Sunday, October 23, 2016

Youngsters Coping With Trauma


     Last week I was able to attend the Charleston Child Trauma Conference in South Carolina. The sessions focused on supporting children and teens who have been victimized by different forms of neglect or abuse. Although this is a difficult topic to consider, the mental health profession is recognizing the immediate and long-term risks faced by young people who have been mistreated. 
     We cannot erase the overwhelming situations that impact a portion of youth in our society. We can recognize the impact of mistreatment and work to help them cope with the stressors they face.  
     Dr. Karen Horney wrote about children adjusting to significant stress in their lives in her 1945 book, Our Inner Conflicts.
"...the child gropes for ways to keep going, ways to cope with this menacing world. Despite his own weakness and fears he unconsiously shapes his tactics to meet the particular forces operating in his environment. In doing so, he develops not only ad hoc strategies but lasting character trends which become part of his personality...At first a rather chaotic picture may present itself, but out of it in time three main lines crystallize: a child can move toward people, against them, or away from them...In each of these three attitudes, one of the elements involved in basic anxiety is overemphasized: helplessness in the first, hostility in the second, and isolation in the third." 
      


    Dr. Horney recognized that children tend to develop a strategy to deal with their sense of being alone and overwhelmed in a dangerous world. This is most pronounced for children who have been victimized. She went on to explain that children who present as helpless try to make connections to gain support and move toward people. Children who are hostile move against people because they lack trust in others and look to fight so that they can feel stronger and protect themselves. Children who isolate themselves move away from connections with others because they feel misunderstood and do not make the effort to connect or fight.       We have all encountered children and teens who predominantly behave with one of these three attitudes that were described over 70 years ago by Dr.

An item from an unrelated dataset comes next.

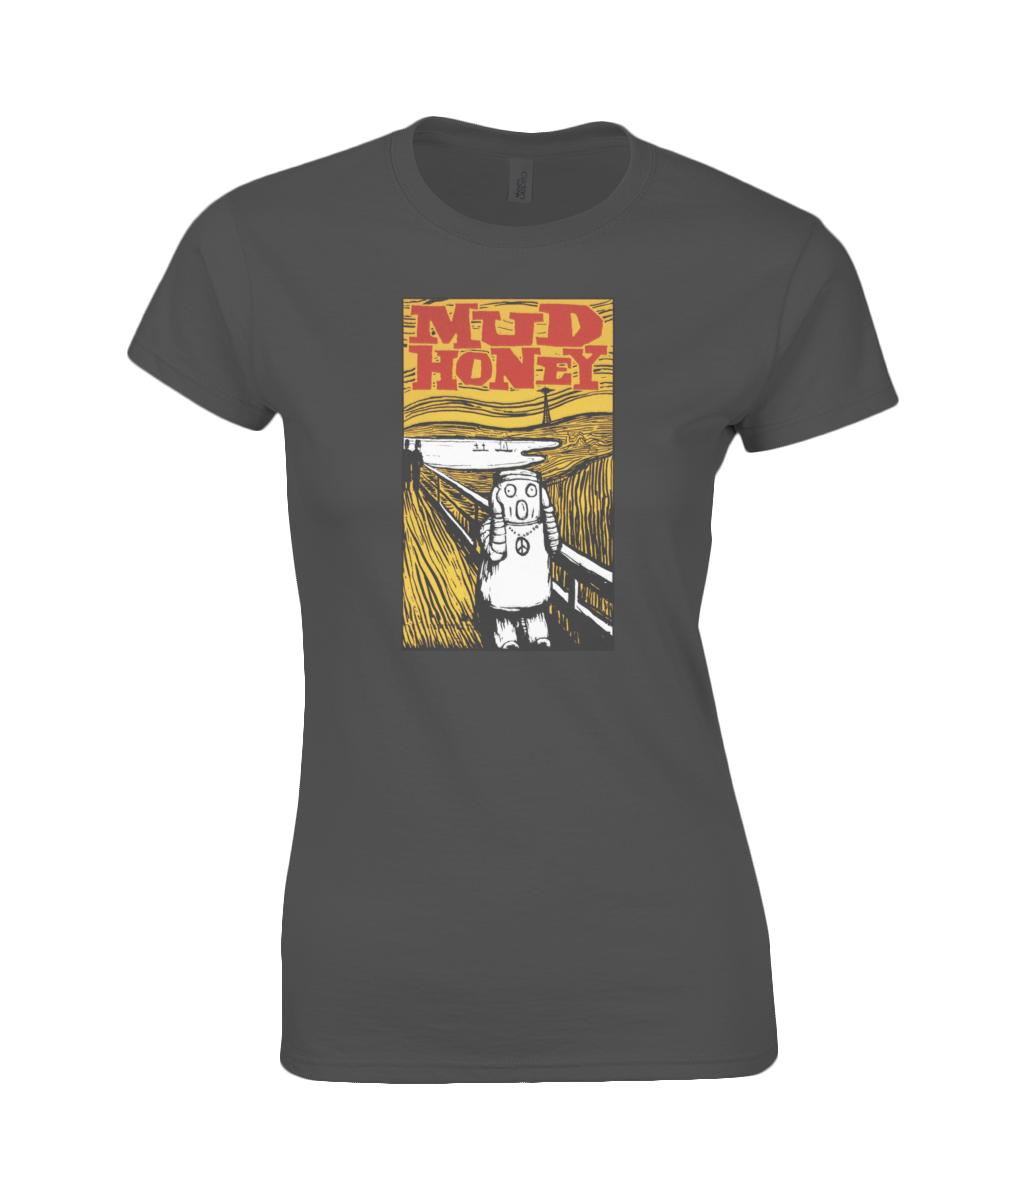 Vintage Rockabilly Shirt 50/'s Retro Dancing Skeletons 34 Sleeve Shirt

Horney. We are sometimes quick to think these children are simply misbehaving. We can describe them as needy and clingy; oppositional and rebellious; or aloof and conceited.
     It is rare that we will know the personal histories (especially the traumatic histories) of the young people who we coach, teach, supervise or otherwise encounter in our daily lives. We should take the time to consider that the youngsters we find challenging might be doing the best they can to cope with stressors many of us could never imagine. Youngsters often need our kindness and understanding more than they need our criticism.

The quote above is from Our Inner Conflict: A Constructive Theory of Neurosis pp.42-43 by Karen Horney; 1945 by W.W. Norton & Company, Inc.